On this topic I like to use the analogy of a horse race. We all know that the right way to run a race is to run a given distance, and the first horse across the finish line is the winner. Supposing that we decided that a statistically significant lead is 1-1/2 lengths. So we develop a new rule, that as soon as one horse is out in front by at least 1-1/2 lengths, then you stop the race and declare that horse the winner, even if the field has only gone a quarter of the distance. How often do you think the winner by these new rules would be the same horse as would have won by the old rules?
Ioannidis adds a further wrinkle. If you stop a trial early, the results are also published early. If you let a trial run its normal course, the results will be published much later. A trial that's stopped early is stopped because the treatment looks very good early on. A trial that is not stopped is therefore a trial where the treatment does not look so much better for most of the trial duration. That means almost certainly that the first data published about a new drug will be unrepresentatively positive, and that the more negative data will come rolling in much more slowly. (Or not at all if we add the common tactic of data suppression to the company's bag of tricks.)
Bottom line: if companies were scrupulously honest in reporting data, you could still end up concluding that a new drug is much more effective than it really is.

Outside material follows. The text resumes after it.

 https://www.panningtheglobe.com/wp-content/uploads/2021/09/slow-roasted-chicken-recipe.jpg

But we know, as documented here ad nauseam, that all too often this scrupulous honesty is honored in the breach rather than the observance. So if you add a little sprinkling of dishonesty or spin to the factors Ioannidis cites, then you have an even more misleading picture.

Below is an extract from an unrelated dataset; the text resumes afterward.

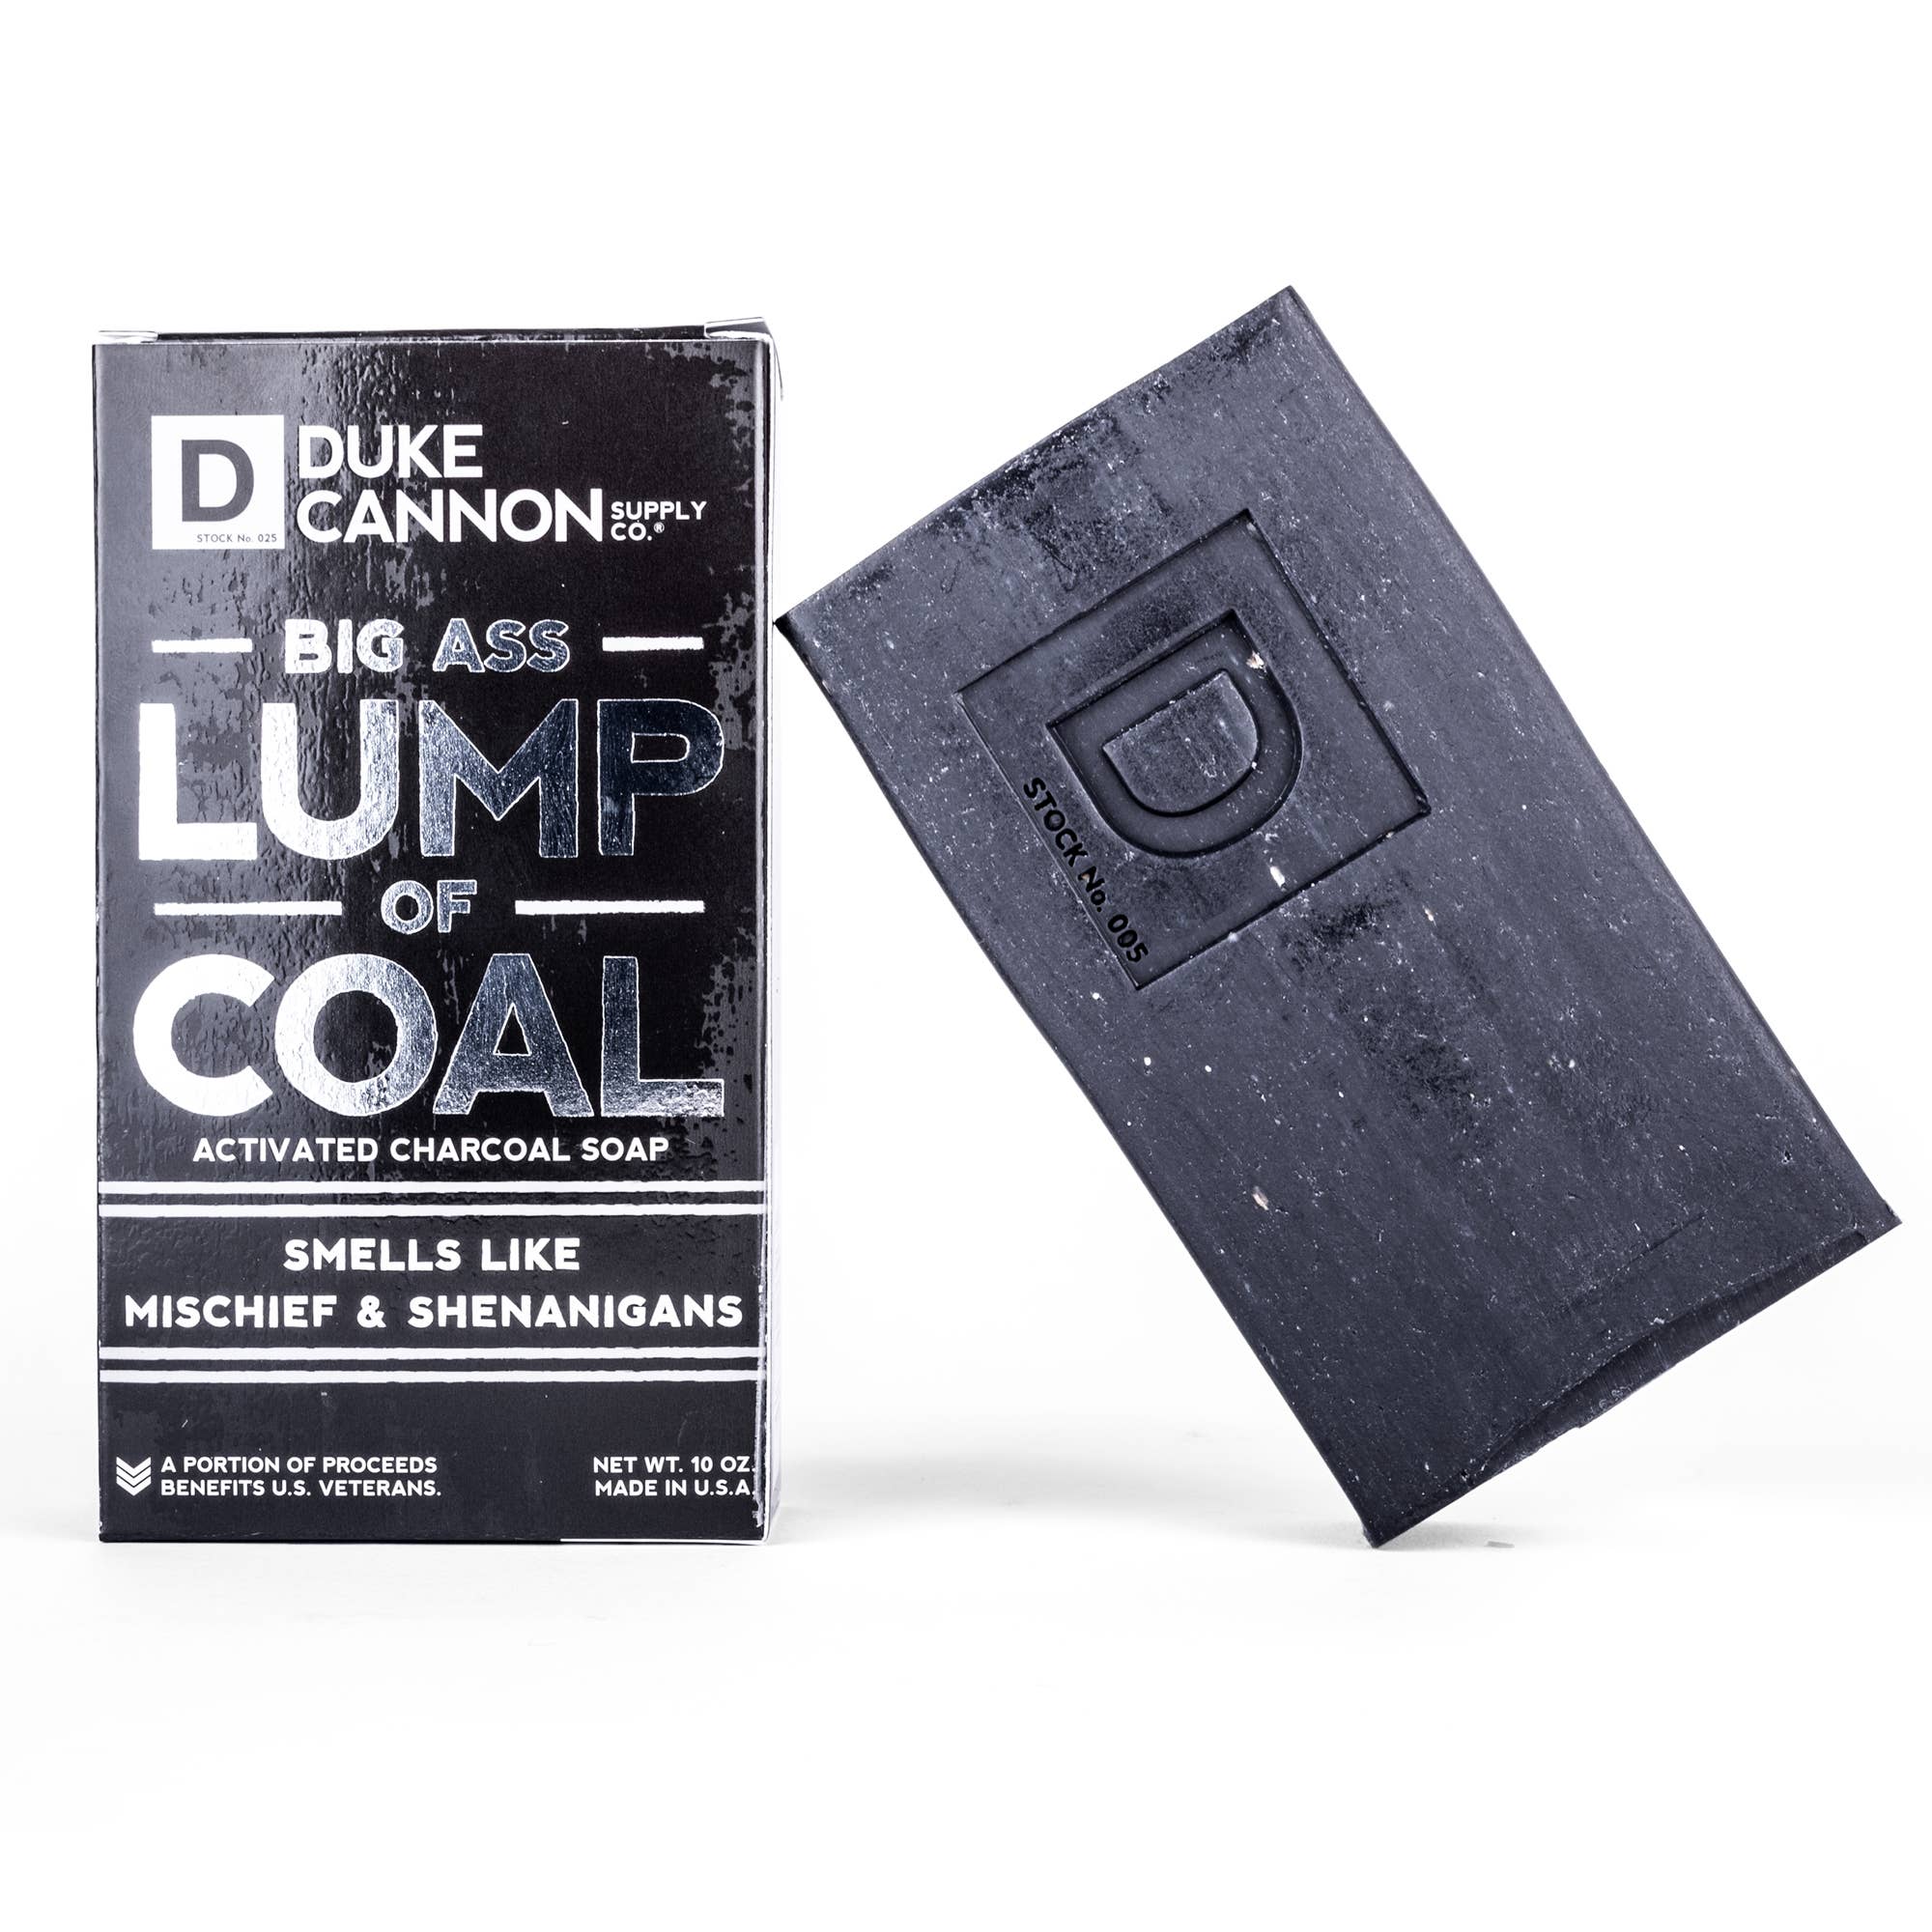 Duke Cannon Big Ass Lump of Coal soap

Ioannidis proceeds to explain how the authors of systematic literature reviews and meta-analyses can try to correct for these sources of bias. But for us the main lesson is to understand these sources of bias and how they operate. Later I'll try to connect the dots between these concepts and other recent analyses of sources of bias in the research literature and its interpretation.
Ioannidis J, Karassa F. The need to consider the wider agenda in systematic reviews and meta-analyses. BMJ 341:761-64, 9 October 2010.